To know how to act, therefore, is to know the means and methods through which to believably portray aliveness; not only to the audience, but also to fellow performers. And this is only achievable, for our (realist[1]) purposes, when the actor delivers believably spontaneous portrayals of emotion in-the-moment. We can therefore evolve the question of ‘how do actors act?’ into ‘how do actors learn to convince audiences and even fellow performers that the characters they portray are spontaneously experiencing whatever emotions are appropriate to the given circumstances[2] at the very instance of performance?’
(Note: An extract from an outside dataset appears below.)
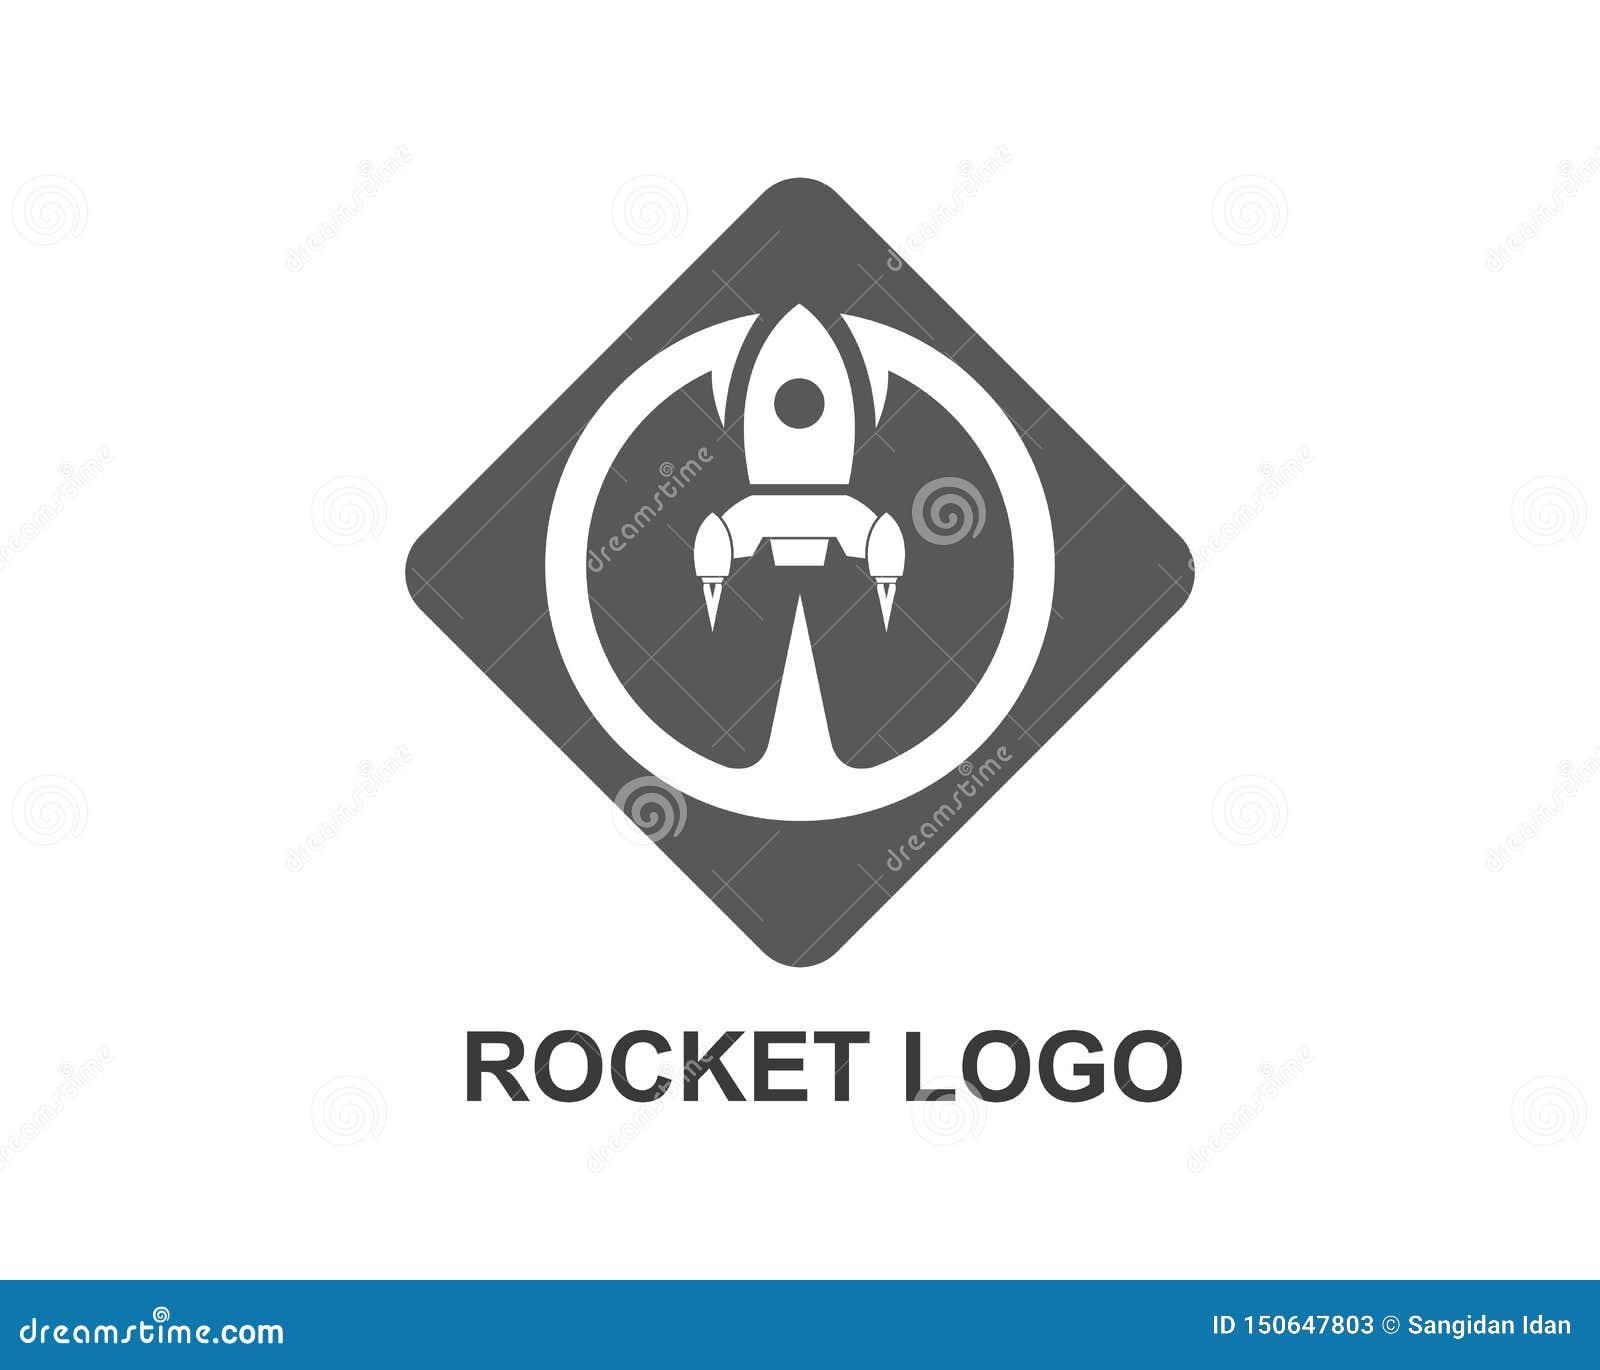 Rocket ilustration logo vector icon

These ideas were central to Konstantin Stanislavsky’s thinking. Stanislavsky spent his life exploring and attempting to master the means and methods through which actors – and arguably directors – could create ‘Life in Art’, or ‘aliveness’[3] in my preferred terminology. He was unwaveringly interested in how all the outward semblances of appropriate emotion could be portrayed so that the actor’s performance of the character comes across as alive and spontaneous – to the audience, fellow players, and even to the actor himself. Crucial to this is Stanislavsky’s concept of переживание (perezhivanie), a Russian linguistic polyseme roughly translated as ‘experiencing’ or ‘living through’, to which we will return later.
[1] It is clear that theatre, film, animation and other art forms are broad churches which can accommodate all sorts of experimental, modernist, post-modernist and post-dramatic incarnations. But for my own purposes, and for the purposes of my current research, I am interested in those forms of art which primarily function to convey emotion – as Leo Tolstoy conceptualised in his 1897 essay What Is Art? (Tolstoy, 1995 [1897])
[2] Using Stanislavsky’s own terminology: предлагаемые обстоятельства.
[3] Stanislavsky’s used жизни человеческого духа or “inner life of the human spirit” in An Actor’s Work on Himself (Stanislavski, 2009).